Back in January I made some comments regarding gold, silver and the wisdom of holding some precious metals as a hedge against inflation, currency devaluation and the plain stupidity of the people running this country. Since I wrote that article, gold has rocketed to over $ 1,500 an ounce and its cheaper cousin silver is within striking distance of doubling in price. Recent comments by Fed Chairman Ben Bernanke and our seemingly clueless President have merely confirmed my belief that holding some physical metal is probably a good idea.
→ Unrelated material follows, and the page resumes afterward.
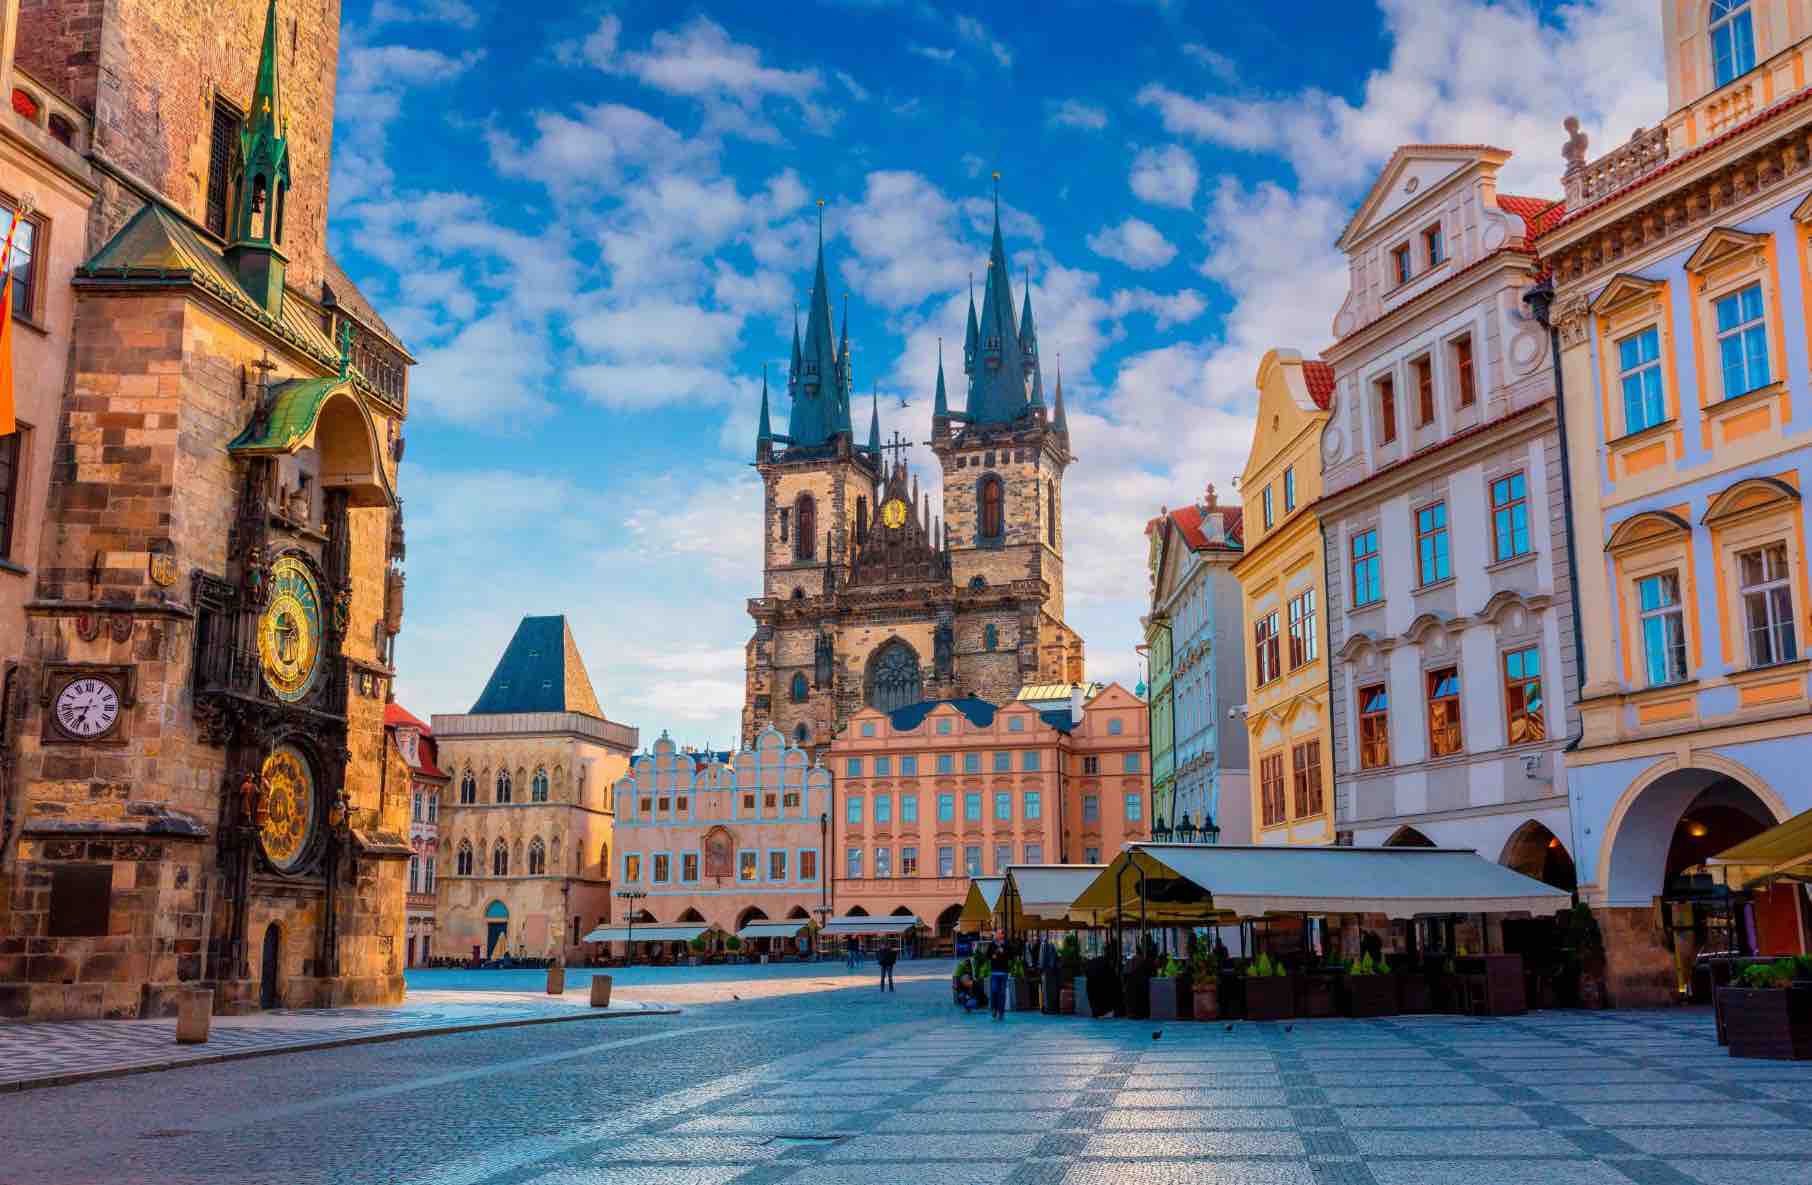 Освіта в університетах Чехії також ведеться відповідно до принципів Болонської освітньої системи. Джерело фото: Shutterstock.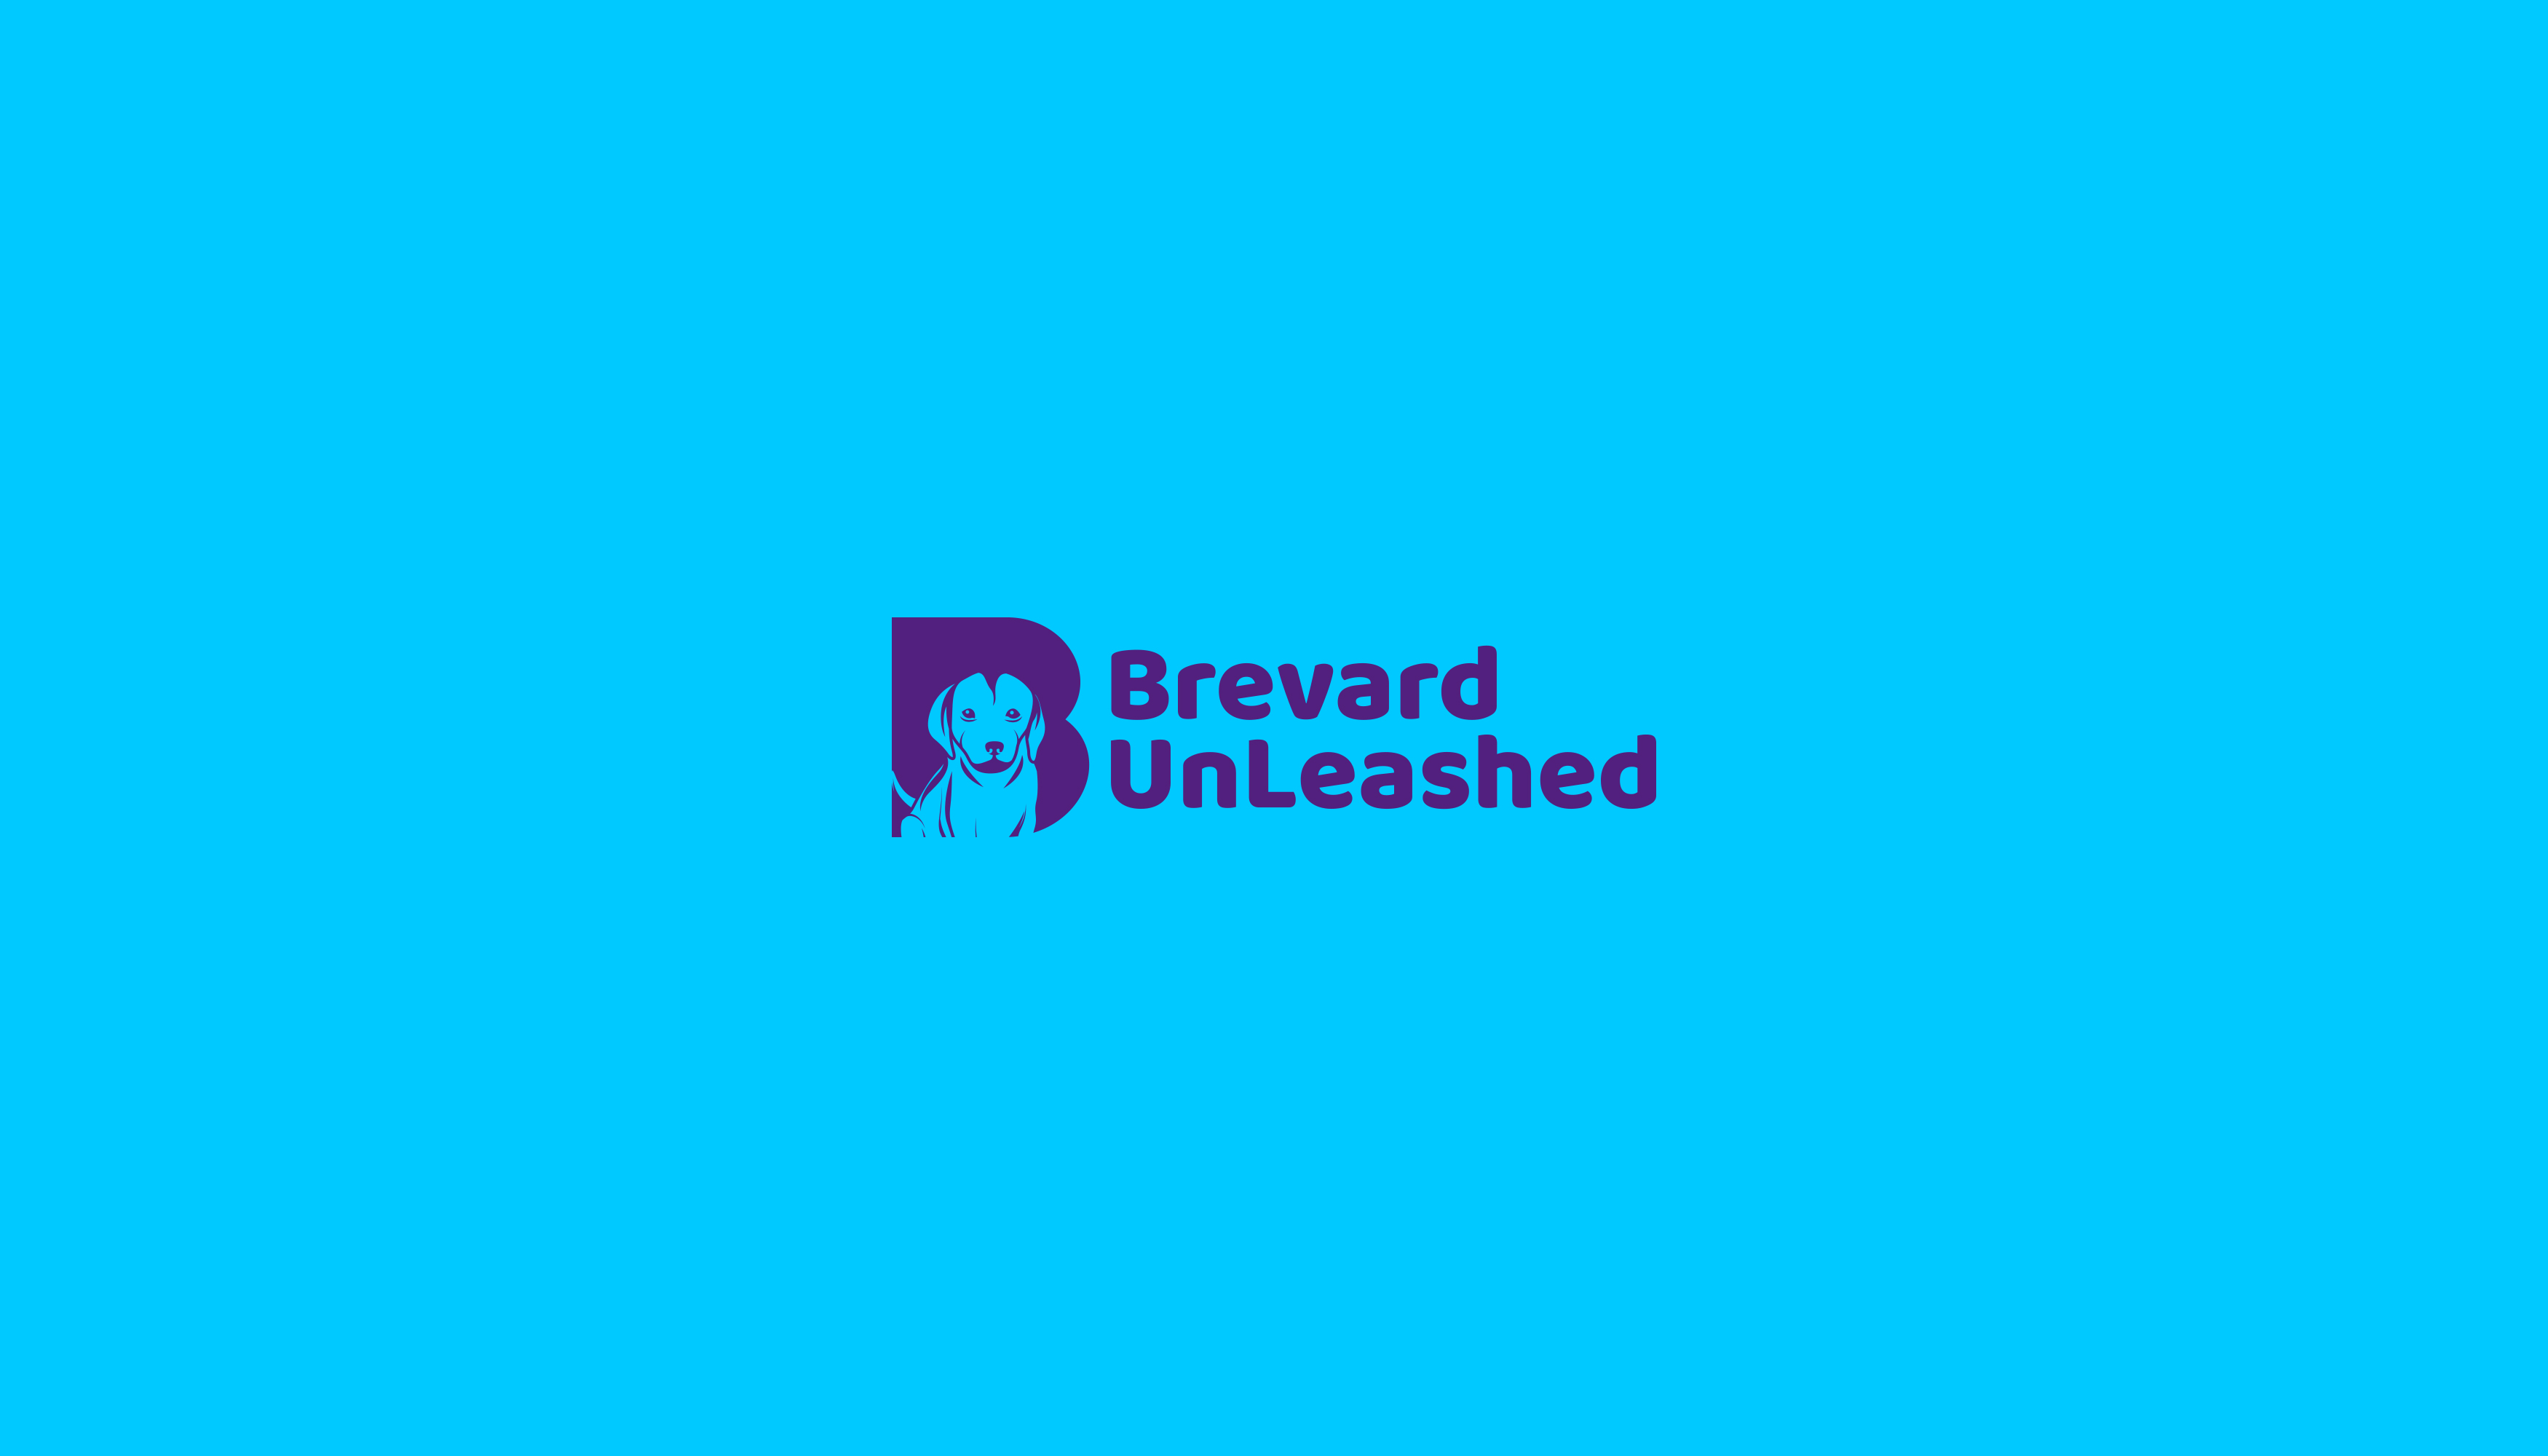 Brevard Unleashed Design #3

There are times when I wonder if Barak Obama rubs his hands together and does his best Simpson's impersonation of Montgomery Burns when the cameras switch off- "Excellent" he mutters to Bernanke filling in for Waylon Smithers, "our plans to drive the U.S. economy into the ditch are working better than expected." My suspicions about the Community Organizer in Chief were confirmed when he came out swinging against oil traders, speculators and other malcontents who were artificially driving up the price of oil- all while completely ignoring (conveniently) the fact that the U.S. dollar is dropping like a rock causing the prices of commodities (gold, silver, oil among others) to march steadily higher. I'm not a Harvard educated economist but even my rudimentary understanding of finance tells me that when you are printing dollars by the truck load, you are undercutting your own currency and prompting inflation.
Besides a weakening dollar, metal prices are driven by fear. I think there is now a real disconnect between those within the Washington Beltway and the other 99.99 % of the country that have the uneasy feeling that no matter how we rearrange the deck chairs, the Titanic is about to roll over and sink. While the government crows that inflation is barely noticeable, a loud buzzer went off in the back of my head when I recently paid $ 7.00 for two uncooked chicken breasts and $ 15.00 for a small/medium bottle of laundry soap. I walked out of the store with $ 67.00 worth of groceries that I swore would have cost half of that a year or two ago. The politicians just don't get it and the same can be said for the establishment media that labels all of this a speculative bubble. When silver last spiked it truly was for speculative reasons as the Hunt brothers attempted to corner the entire market. This time around, I see more than enough fundamental problems with the U.S. economy to justify the price appreciation.
So what's a hard working American supposed to do ? I do recommend picking up some physical metals, especially on price dips, but not betting the family farm on it. I've been telling family that anyone with cash in the bank needs to be highly tuned to what is happening to the dollar and fully prepared to move those dollars into other assets if the devaluation accelerates. Real estate if you can afford it, or maybe just the new fridge or washer/dryer that you've had an eye on. If the drop in the dollar accelerates, you might as well spend it while you can get something for it. Call me unpatriotic, but one move I made was to invest in a bear dollar inverse ETF (it appreciates as the dollar falls) which has given me a nice return- perhaps I should send a thank you note to Mr. Obama.
I have done some research into opening overseas accounts denominated in foreign currencies but the account minimums and accompanying red tape make this a far more daunting exercise than I expected. Over the past couple of years, our dear government has quietly made it far more difficult for foreign banks to accept us a depositors. I never considered this course of action because I wanted to avoid paying taxes, only because I wanted to protect the money that I have worked very hard to earn. Only an idiot would screw with the IRS- I read all of the IRS statues on reporting foreign interest accounts etc. but it was all a moot point when you can't open a foreign account in the first place. I would avoid dabbling in Forex accounts (you would do better at the dog track) but converting dollars into hard currencies through banks might not be a bad idea. I would stick with currencies from nations with strong current accounts- Norway, Australia and Canada all look good based on their strong raw material and commodity production.